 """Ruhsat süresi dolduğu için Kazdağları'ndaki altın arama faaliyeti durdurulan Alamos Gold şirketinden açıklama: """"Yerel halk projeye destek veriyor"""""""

* * *

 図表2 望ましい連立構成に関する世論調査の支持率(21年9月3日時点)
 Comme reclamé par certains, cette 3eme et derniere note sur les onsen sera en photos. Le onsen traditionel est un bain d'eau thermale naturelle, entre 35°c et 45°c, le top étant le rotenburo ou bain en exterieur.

Aim of the exercise –
Output the lines above between the one holding "図表2 望ましい連立構成に関する世論調査の支持率(21年9月3日時点)" and the one holding "Comme reclamé par", inclusive, with nothing before or after them.

Answer space –
 図表2 望ましい連立構成に関する世論調査の支持率(21年9月3日時点)
 Comme reclamé par certains, cette 3eme et derniere note sur les onsen sera en photos. Le onsen traditionel est un bain d'eau thermale naturelle, entre 35°c et 45°c, le top étant le rotenburo ou bain en exterieur.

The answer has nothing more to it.